Adiponectin increases AMPK activation in response to insulin in skeletal muscle.
Because adiponectin can increase AMPK activity (25), we assessed whether adiponectin overexpression alters AMPK activity by measuring phospho-AMPK (Thr172) and total AMPK protein in skeletal muscle and liver samples obtained at the end of the clamp studies from normal diet−fed rats. As illustrated in Fig. 4, AMPK phosphorylation was increased by 58% (P < 0.05) in Adv-Adipo skeletal muscle compared with in control animals, whereas total AMPK protein content remained unchanged. In contrast, AMPK phosphorylation and protein content were unchanged in liver.
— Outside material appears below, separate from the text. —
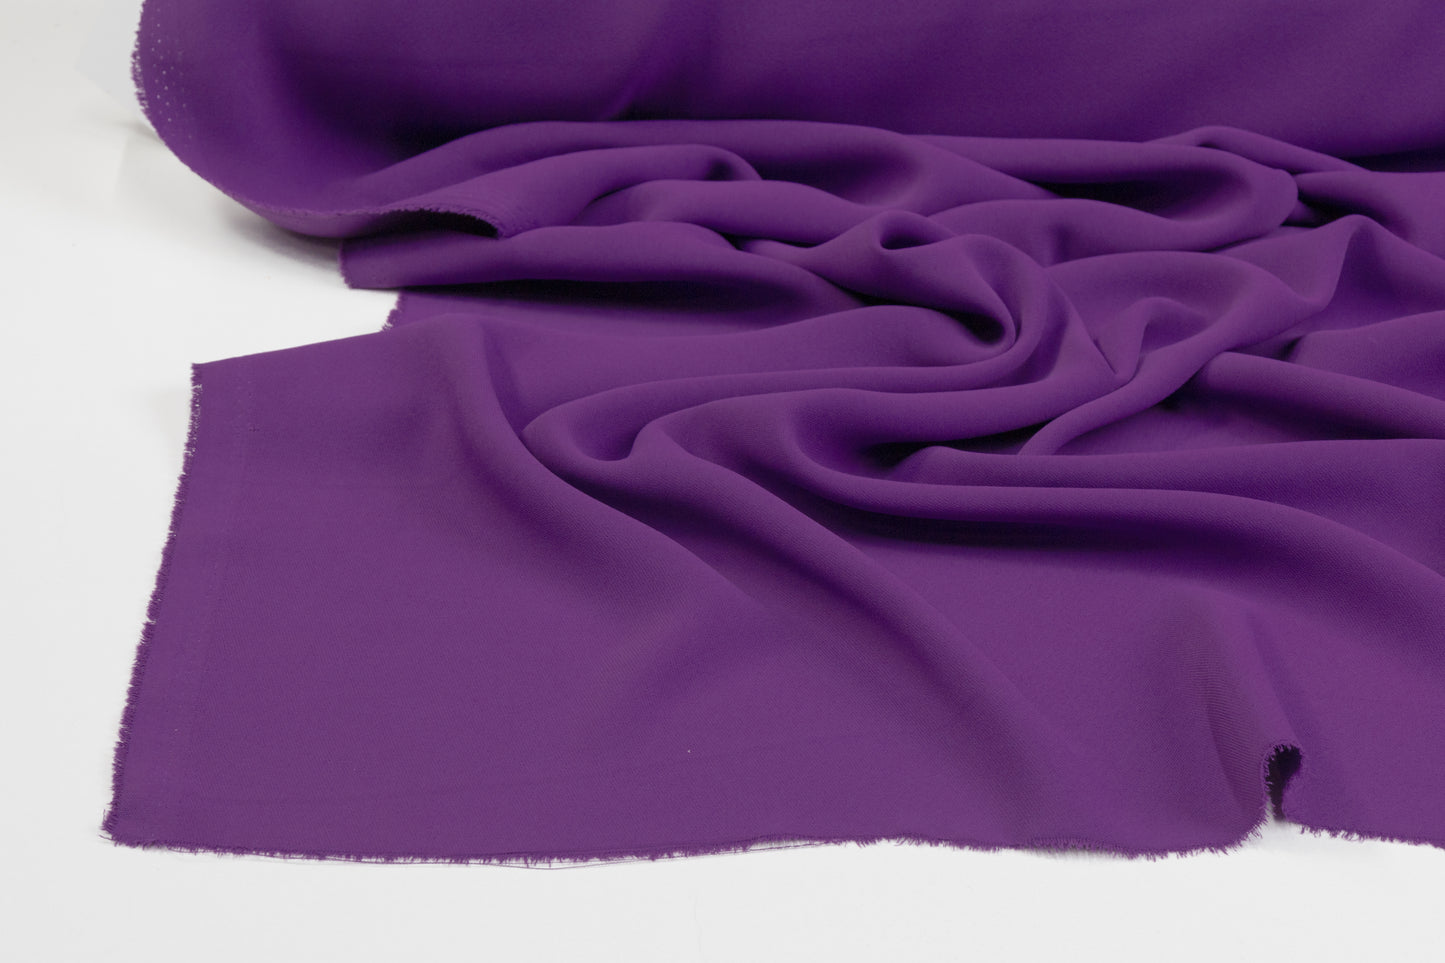 Luxe Italian Crepe - Purple

These data are consistent with the results from euglycemic-hyperinsulinemic clamp experiments demonstrating that skeletal muscle is a target tissue of adiponectin.
Oligomeric distribution of plasma adiponectin in Adv-Adipo and Adv-LacZ rats.
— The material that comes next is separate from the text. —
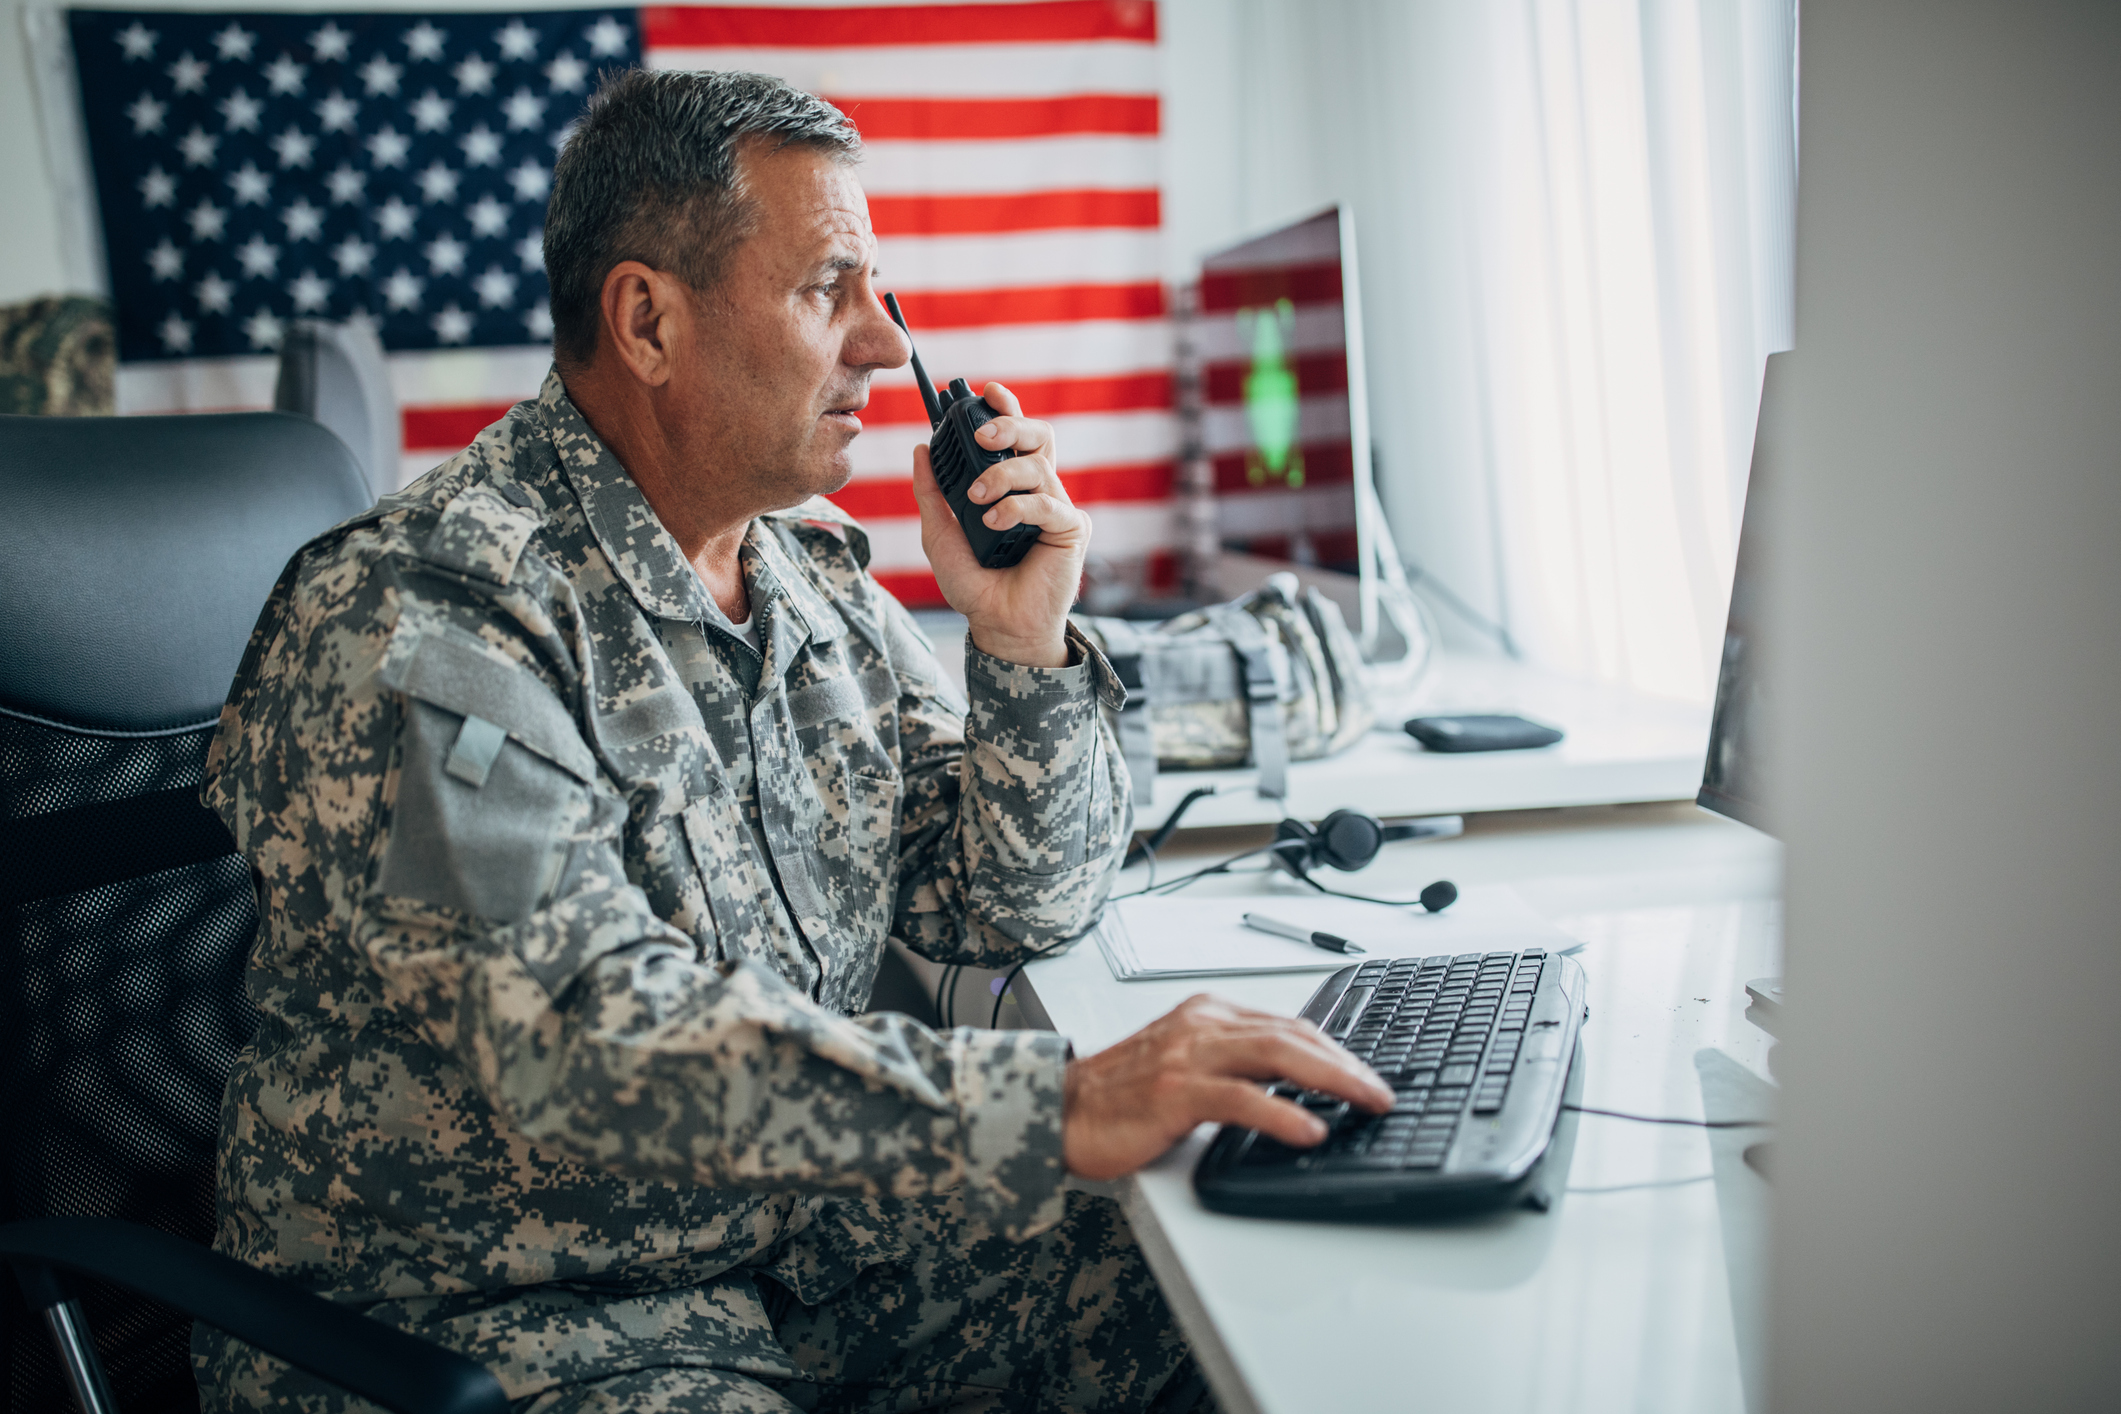 A military man talking on a walkie-talkie

To further understand the effects of overexpressed adiponectin, we measured the oligomeric distribution of circulating adiponectin in the Adv-Adipo animals. Adiponectin forms LMW and HMW complexes consisting of 6 or 12–18 subunits, as assessed by gel filtration or velocity gradient studies; these species are thought to possess differing and possibly tissue-specific biological activities (20,21). To determine the nature of the oligomers formed by adenovirus-encoded adiponectin in normal diet−fed Adv-Adipo rats, serum and intrahepatic HMW and LMW adiponectin content was quantified in velocity sedimentation experiments using sucrose step gradients, ultracentrifugation, and immunoblotting (see research design and methods). As illustrated in Fig. 5A, adiponectin protein produced from Adv-Adipo in hepatocytes circulates in the form of HMW as well as LMW oligomers, as in the case of adipocyte-derived adiponectin (19). No mouse adiponectin was detected in Adv-LacZ control rats. Quantification of HMW/total adiponectin revealed that ∼27% of adiponectin of hepatic origin circulated as HMW complexes in low-dosage Adv-Adipo animals (Fig. 5B), a level that is comparable with the proportion of adipocyte-derived HMW adiponectin in rodents and humans (19,20). This distribution was dosage dependent, as ∼41% of adiponectin from the liver circulated as HMW forms in high-dosage Adv-Adipo animals. Measurement of the intrahepatic adiponectin oligomer content indicated that ∼29% of intracellular adiponectin was in the HMW form (Fig. 5B).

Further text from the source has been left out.